Часть 41 из 100 В начало
Для доступа к библиотеке пройдите авторизацию
Это произвело на него впечатление, как я и надеялся. Он нахмурился и сказал, что, по его мнению, все можно устроить к общему благу.
Он вернулся через несколько минут с рекламой «Закона ковбоя» и протянул ее мне вместе с большой серебряной авторучкой, чтобы я мог подписать изображение скрытого маской лица и еще раз вспомнить (о, как это было мучительно!) счастливые дни в Голливуде с Эсме и миссис Корнелиус. Как я теперь мечтал о том, чтобы удовольствоваться малым и согласиться на шантаж Хевера, пока другая студия не признала бы моих талантов, — но было слишком поздно. Я поддался ужасу, который проник в меня в штетле. Теперь мне следовало подчиниться велению разума, иначе я почти наверняка погибну, и мой темнокожий друг вместе со мной. Я написал на своем изображении по-арабски: «Хадж Иддер — помоги Бог нам всем, — твой брат, Ас», а потом по-английски: «Счастливого пути, напарник, — твой друг, Ковбой в маске!» Упитанный африканец, казалось, был по-настоящему растроган и поцеловал меня несколько раз в обе щеки, бормоча, что Бог, несомненно, должен помочь истинно верующим. Именно тогда я начал понимать: наше освобождение принесет ему счастье. Но если мы сбежим, разве не простится с жизнью сам Хадж Иддер? Я обреченно подумал, что, как говорят швейцарцы, хватаюсь за перья.
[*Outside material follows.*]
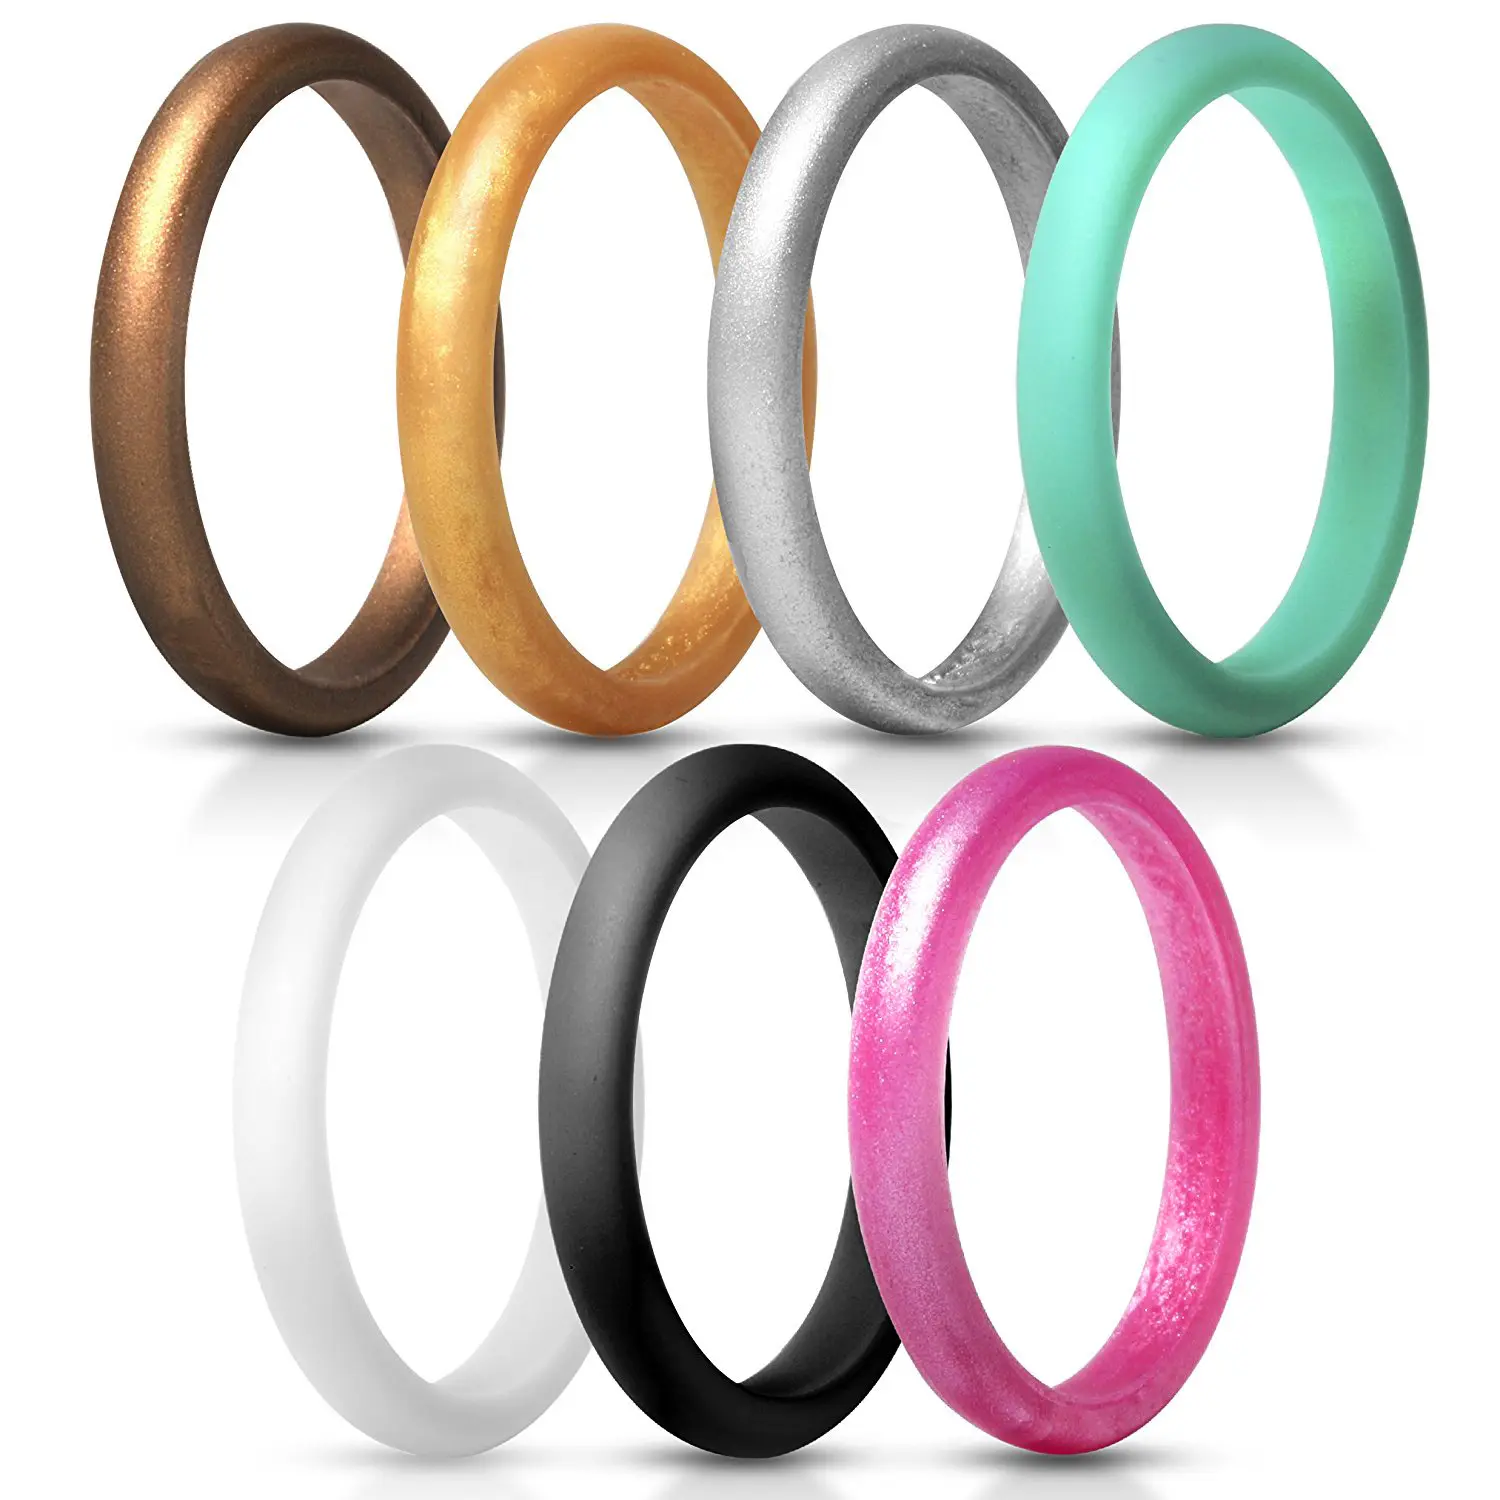 7 видов цветов в одной упаковке уникальный 2,7 мм ширина толщина 2 мм мягкий резиновый силиконовый обручальные кольца Тонкий силиконовый колец для женщин

Хадж Иддер не торопился уносить свой трофей; он стоял передо мной, погруженный в размышления, а потом наконец высказал то, что было у него на уме:
— Думаю, мой господин смог бы в этом случае поступиться своей гордостью, — заметил он, — если бы вы, например, сумели оказать ему какую-то небольшую услугу.
Я не мог отделаться от подозрений. Кошки-мышки были любимой игрой Тами.
— Услугу?
— Как-то облегчить его теперешние затруднения с французами. Я так понимаю, вы дружны с лейтенантом Фроменталем, несмотря на его скептическое отношение к воздушному флоту?
Я признал, что время от времени наслаждался обществом молодого человека.
— А вам известно, что он был шпионом? — Хадж Иддер внезапно посмотрел прямо на меня.
Я, даже в нынешнем положении, скептически отнесся к этому заявлению, но вслух ничего не сказал.
— Если бы вы сообщили паше, — продолжал Хадж Иддер, — возможно, совсем немного о том, что этот Фроменталь говорил вам о французском шпионаже. Как он сознательно вредил нашему делу, и прочее, и прочее. Если на набережной д’Орсэ узнали бы, что он, скажем так, потерпел неудачу на службе или превысил свои полномочия, это было бы весьма полезно для нашего повелителя. А может, у него случались какие-то сексуальные приключения? Если бы вы знали о чем-то таком, что сумели бы изложить в письме…
— Это одна из самых паршивых вещей, которые мне случалось слышать, — возмутился мистер Микс. — Мы получим свободу, если сдадим друга, так?
— Фроменталю не будет никакого вреда — его просто переведут в иное, не столь опасное место. Это все, чего желает паша.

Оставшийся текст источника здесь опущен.